Fix scripts that populate aggregate reporting tables (topcrash is broken)

RESOLVED FIXED in 0.6

Status

task
P1
normal
RESOLVED FIXED
11 years ago
8 years ago

People

(Reporter: justin.gallardo, Assigned: ozten)

Tracking

Dependency tree / graph

Firefox Tracking Flags

(Not tracked)

Details

Attachments

(2 attachments, 3 obsolete attachments)

Reporter

Description

11 years ago
User-Agent:       Mozilla/5.0 (Windows; U; Windows NT 5.1; en-US; rv:1.8.1.13) Gecko/20080311 Firefox/2.0.0.13
Build Identifier: Trunk

There needs to be some scripts written that will be executed by cron to populate and update the data in the aggregate reporting data. This allows large queries such as top 100 crashers, and top crashers of all time to be accessed much quicker than the current setup.

Reproducible: Didn't try
Assignee: nobody → justin.gallardo
Status: UNCONFIRMED → NEW
Ever confirmed: true
Priority: -- → P1
Target Milestone: --- → 0.5
Reporter

Updated

11 years ago
Blocks: 426410
Reporter

Comment 1

11 years ago
Posted file First attempt at the script (obsolete) —
I attached my first attempt at a script to populate the summary table.
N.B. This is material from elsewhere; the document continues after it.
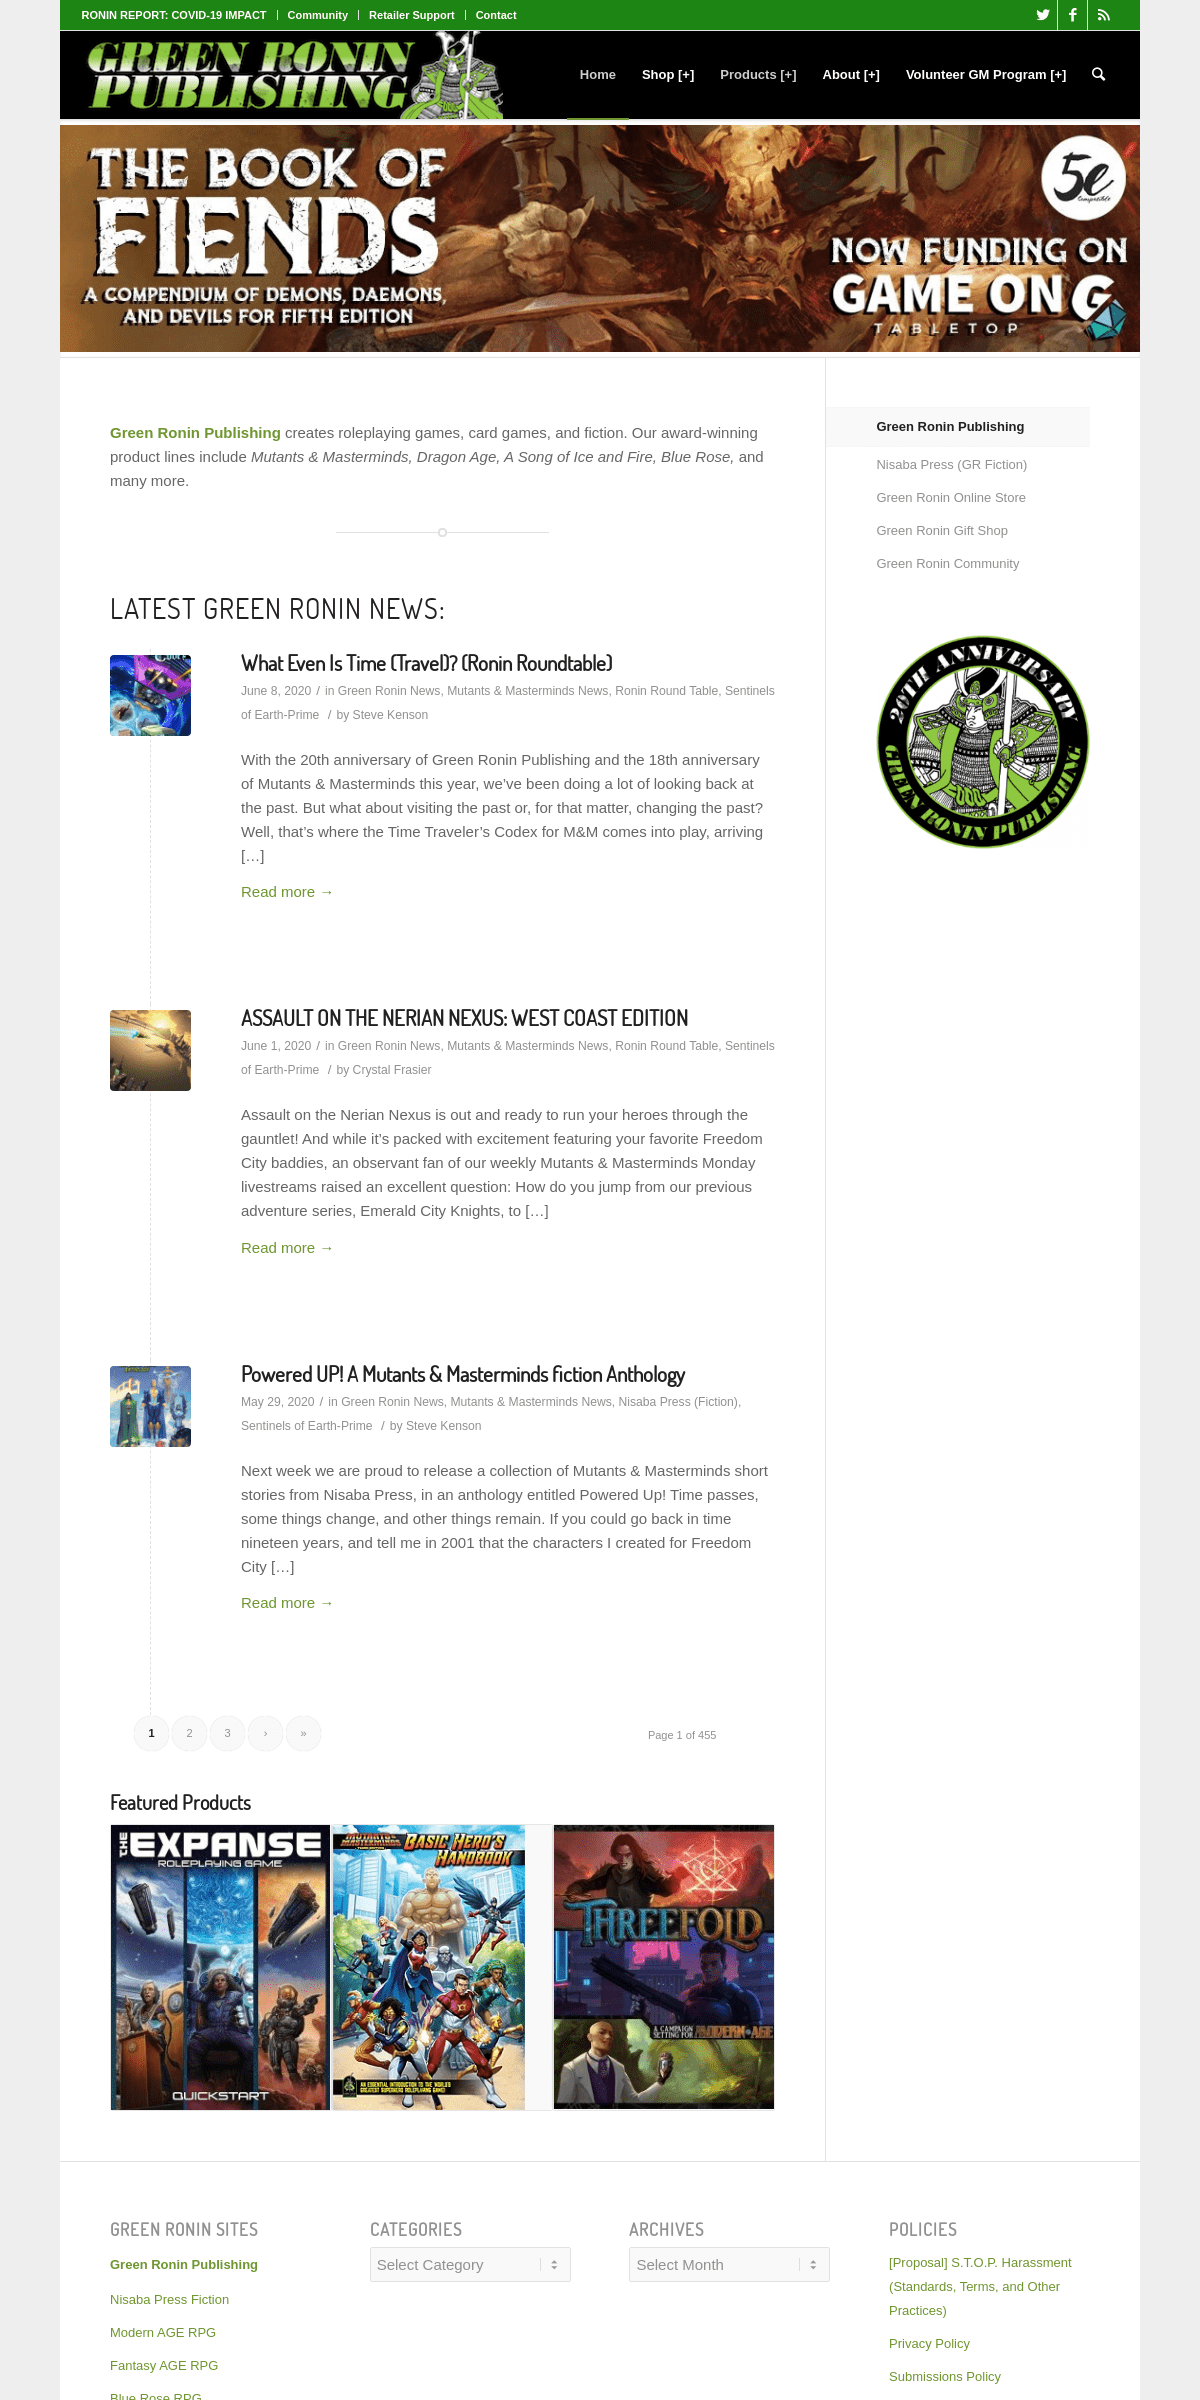 A complete backup of greenronin.com

The only thing it leaves out is the trend, as I am not 100% sure how/what we want to store there.
Attachment #313231 - Attachment mime type: text/x-python → text/plain
Reporter

Updated

11 years ago
Status: NEW → ASSIGNED
Comment on attachment 313231 [details]
First attempt at the script

Hey, good so far - comments:
s/aggreate/aggregate/

Would like to see either a separate config file or passed args from command line -- probably separate file.  We might be able to use one of the existing configs -- see http://code.google.com/p/socorro/source/browse/trunk/socorro/lib/config.py.dist -- we could piggyback off that pretty easily.

See a couple of things that worry me as far as scaling.  SELECT * FROM reports and the for loop over that result set will probably not work very well.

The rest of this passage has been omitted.